Pondering this, of course, demonstrates the fundamental unseriousness of the current opposition. What they actually do is hold no-account protests that do nothing but disrupt the workings of people's lives. They sit at home, in comfort, writing screeds. They go to Meet-Up meetings and talk angrily among themselves, over expensive coffee that they can easily afford.

That wouldn't do, though, if these were real Nazis.

Frankly, I think the theoretical example is and can only be that -- I do not believe that the military would enforce those sorts of illegal orders. I think they would stand true to their duty to disobey illegal orders, and would do whatever it took to restore the Republic. The military remains a strong hindrance to abuse of power by any US government. In order for the theory to ever become practice, then, the government would have to engage us in a war -- not like Iraq, but with a genuine threat like nuclear China -- that so involved the military with an actual external threat that its members could not attend to, nor consider resigning from their posts in order to address, serious Constitutional violations at home.

I think, then, that the military would have to be otherwise engaged.

On the other hand, we have seen a real example of a Federal police agency -- the very largest, BATFE -- that has been perfectly willing to be transformed in improper ways. Most of BATFE's activities are against people guilty of procedural violations, and according to a Congressional investigation, seventy-five percent of BATFE prosecutions are constitutionally improper. (See a lengthy debate on the topic, with links, at InstaPundit).

These figures should be humbling, causing the bureau to insist on going about its business more carefully and with a great deal of concern for the proprieties. Yet, instead, BATFE has simply chosen to ignore them and pretend that the facts aren't what they are. One bureau is not an uncorrectable problem, nor even several major agencies if the electoral system continues to function -- but what if it did become broken?
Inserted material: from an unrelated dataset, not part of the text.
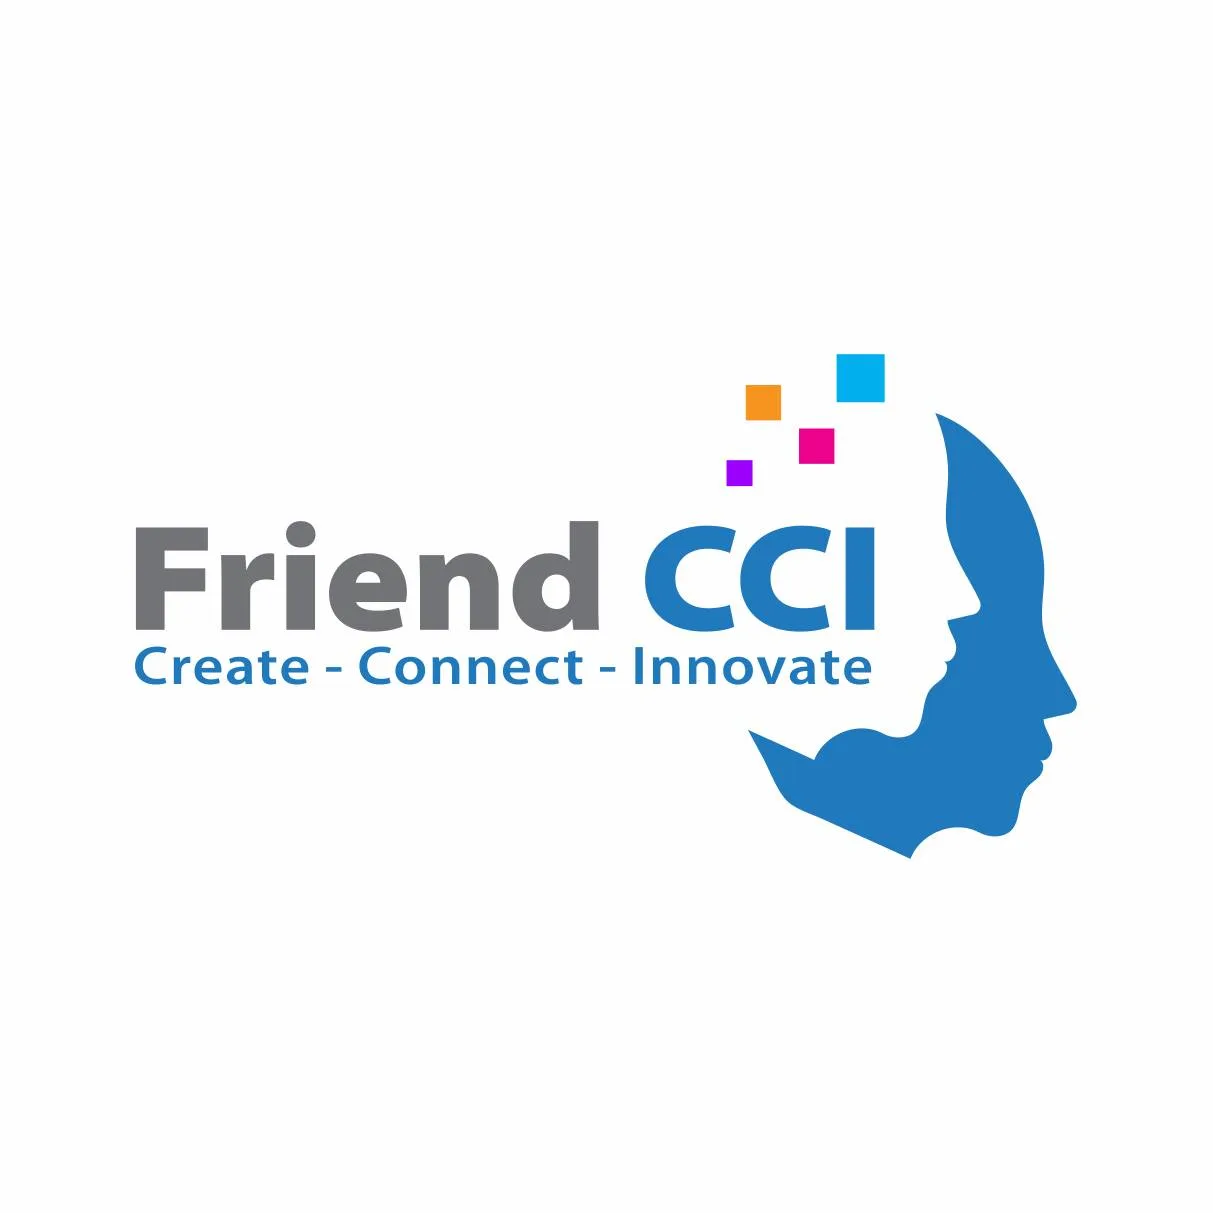 Friend cci logo jpg

What if we did find ourselves in an "illegal war" being used as cover by an administration attempting to engage us in a dictatorship?

It is not utterly impossible that we could find ourselves obligated, by oath and duty, to take up arms at some point in the future, against some administration yet to be conceived. Thomas Jefferson thought it likely. Any American must remember the roots of our nation in Revolution, and remember that revolution may someday again be required of us.
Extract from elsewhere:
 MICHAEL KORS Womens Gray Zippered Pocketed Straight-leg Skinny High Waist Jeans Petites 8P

I mention all of this only to demonstrate that some of these guerrilla tactics might very well have to be employed -- that employing them, however distasteful, might be preferable to doing nothing. Bombing a city, even with precision munitions, is distasteful. Indeed, it is horrifying. But there are times when it is better, morally as well as in terms of practical reality, than the alternatives.
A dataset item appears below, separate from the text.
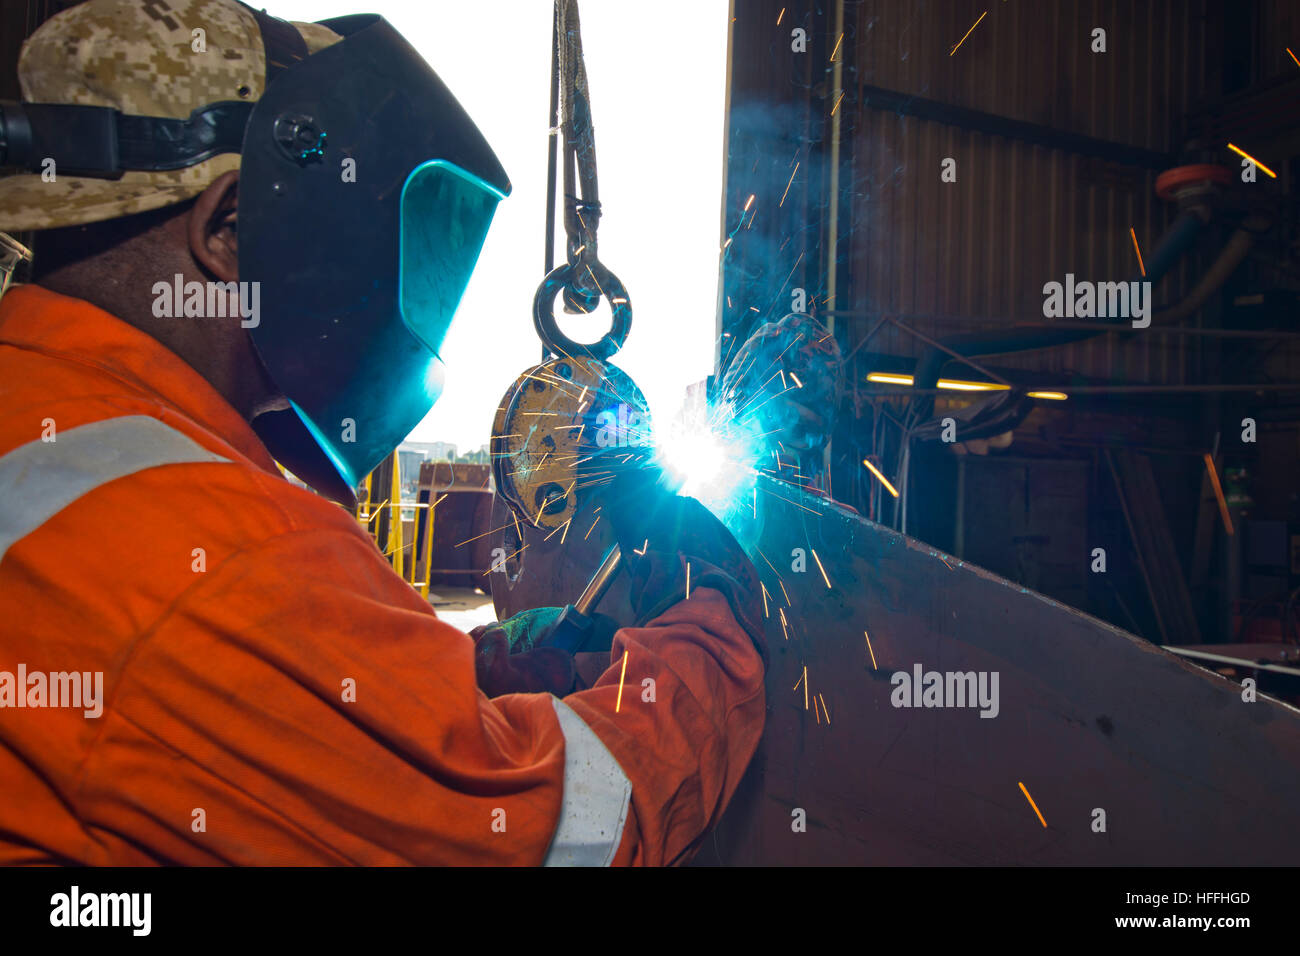 Spot welding steel at industrial engineering works Stock Photo

If our Islamist enemies believe that they are in such a position, then they have to fight us. Indeed, if the radical Left were serious, it should be fighting us.

We have every right to punish atrocities and terrorism. We should, however, be careful to consider which of their tactics are truly evil, and which are simply necessary. That will allow us to separate the terrorists from the honorable enemies with whom we can negotiate. The ones who behead the weak and innocent in order to inspire terror are evil. The ones who fight our military with rifles, though they do not wear uniforms -- they may not be evil men. They may simply not trust us, and be unwilling to conceed control of their nation to foreigners with rifles and bombs.

With the first sort of foe there can be no quarter. With the second, there can be a genuine peace. It is in our enemy's interest to blur those lines, just as it is in his interest to blur the line between combatant and noncombatant. We must try to keep the lines clear, as much as we can.